What is Maintenance, and How is it Determined?

September 7th, 2016

What is Maintenance, and How is it Determined?

By Brittany O’Brien and Heather Rooney McBride


Maintenance is what the State of Missouri calls alimony or spousal support; it is money that is paid by one former spouse to the other so that he or she can afford living expenses. In order to get maintenance, one must first ask for it in a pleading filed with the appropriate state court.  If it is not requested in the pleading, the court will likely view the claim as being waived.


Once requested, the Court will only grant maintenance if it finds that the party seeking it is unable to meet his reasonable needs and unable to work or make enough money working to meet those needs.  The term “reasonable need” is not defined, but most courts interpret it as more than survival needs and less than being able to afford whatever you want.


As for how much maintenance and for how long a person will receive it, the court will consider ten factors:


  1. The financial resources of the party seeking maintenance, including property and his or her ability to meet needs through employment;
  2. The time it would take for the person seeking maintenance to acquire education or training to find appropriate employment;
  3. The comparative earning capacity of each spouse;
  4. The standard of living of the parties during the marriage;
  5. The obligations and assets of each party;
  6. The duration of the marriage;
  7. The age, and physical and mental condition of the person seeking maintenance;
  8. The ability of the person who would be paying maintenance to meet his or her own needs should he or she be ordered to pay the other party;
  9. The conduct of the parties during the marriage; and
  10. Any other pertinent factors.


None of these factors weigh higher than any others, and they are to be considered together.  If it is awarding maintenance, the court can also decide if the award can be changed or, alternatively, if it is unmodifiable.
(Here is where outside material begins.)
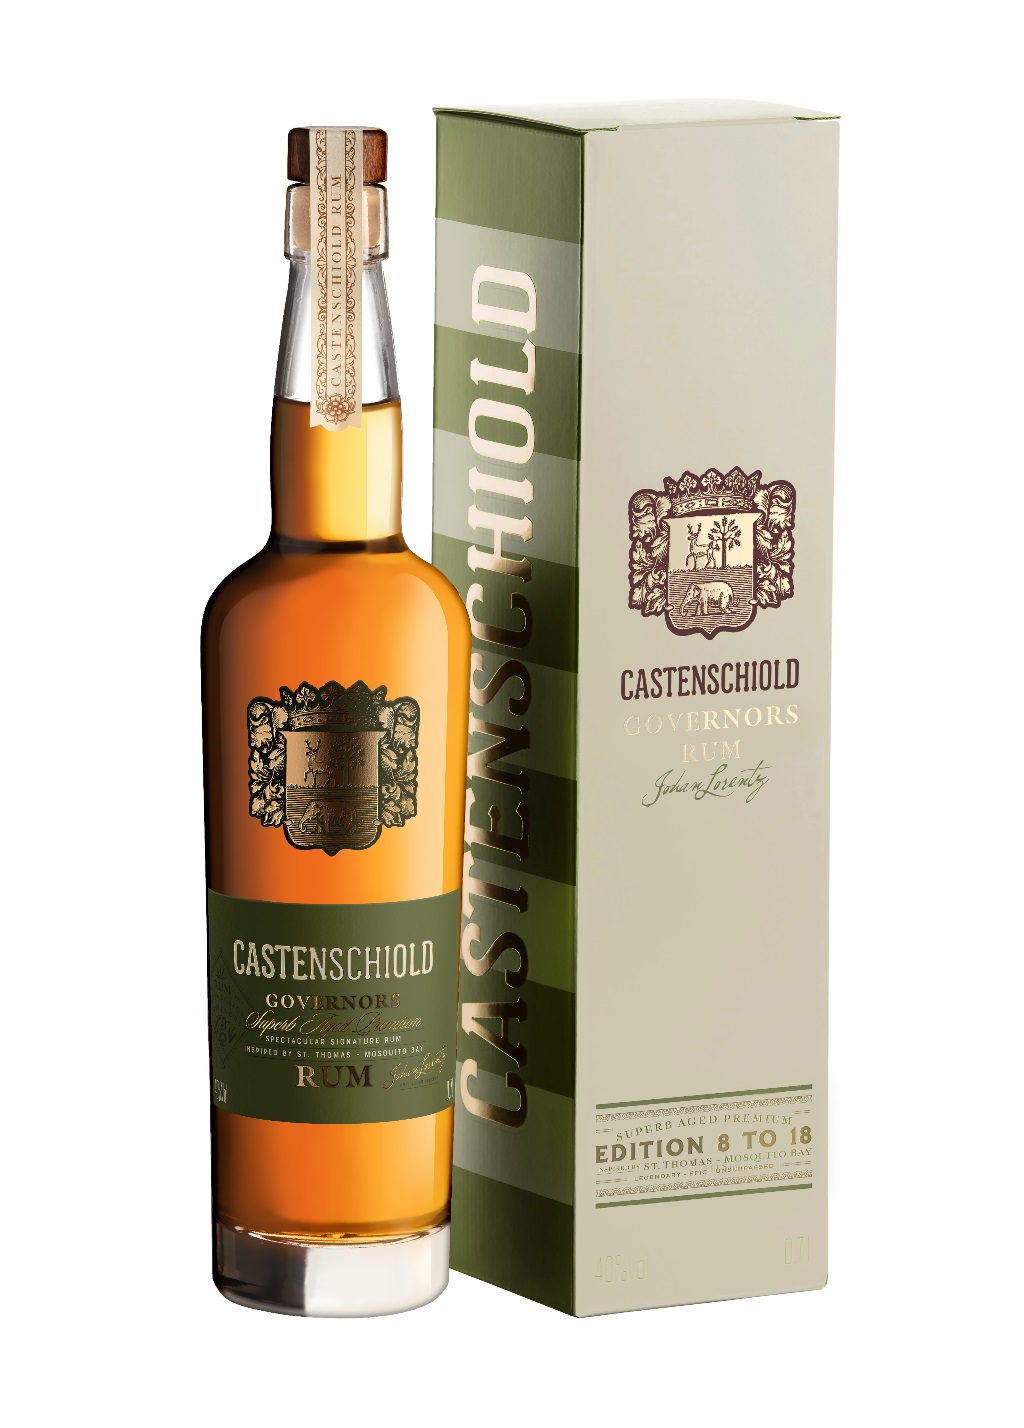 Castenschiold Governors Rum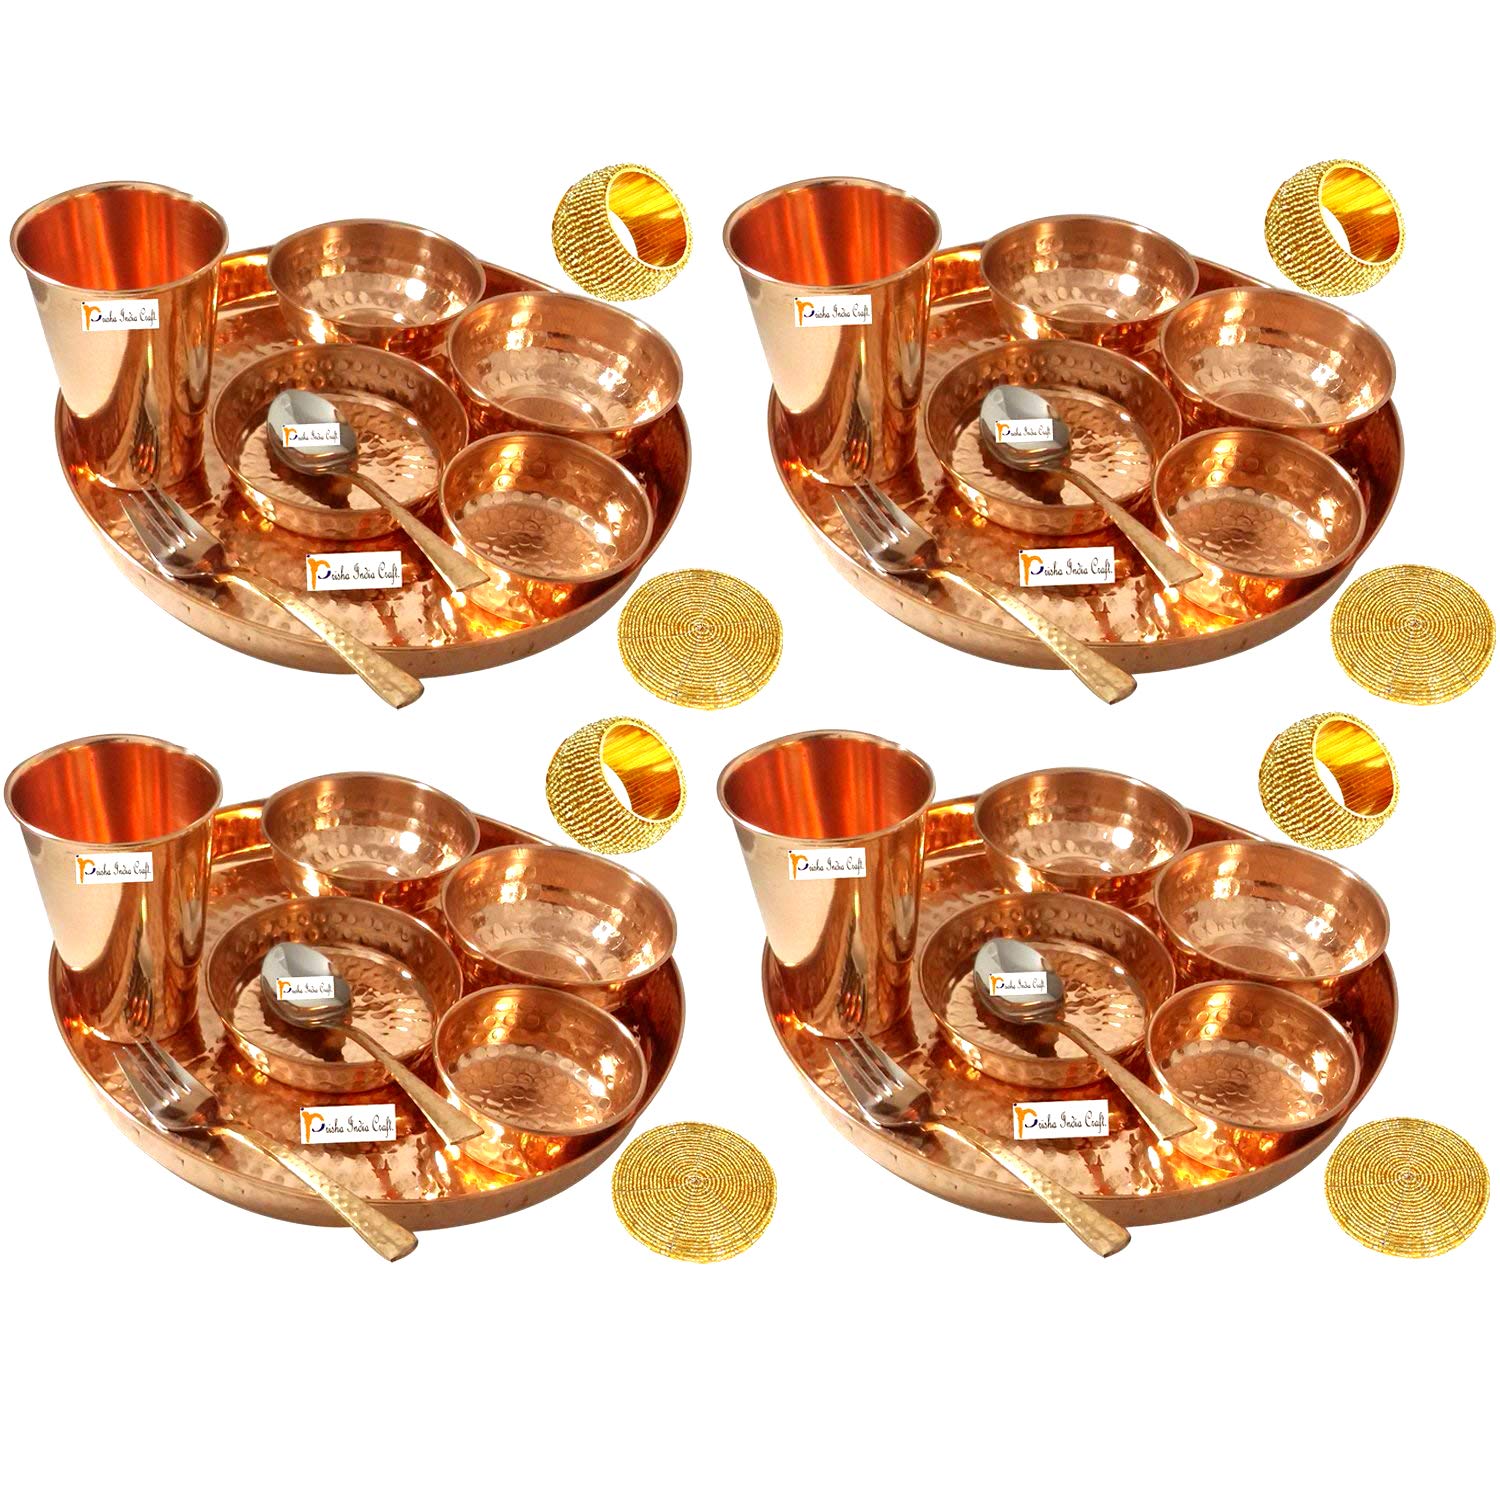 Prisha India Craft Pure Copper Dinner Thali Set, Serveware & Dinnerware, 40 Pieces, Service for 4

Thus, for example, a court may find that a woman who had been a homemaker is in need of maintenance because she is unemployed and has expenses; however, the court may also decide that while she does not have the skills necessary to obtain employment immediately, there is nothing preventing her from being able to obtain those skills within three years.  In that scenario, the court might order maintenance of a certain amount for a period of three years.  In a situation where both parties are not working due to retirement, the party asking for maintenance may very well need it; however, if the opposing party has no ability to pay and still meet his own needs, the Court is unlikely to order maintenance.

There is no maintenance formula like there is for child support; different judges will interpret the same facts in slightly different ways.  Therefore, if you are getting divorced and believe you should receive maintenance, make sure you communicate that to your attorney so your attorney can advise you as to what to expect and draft proper documentation to file with the court.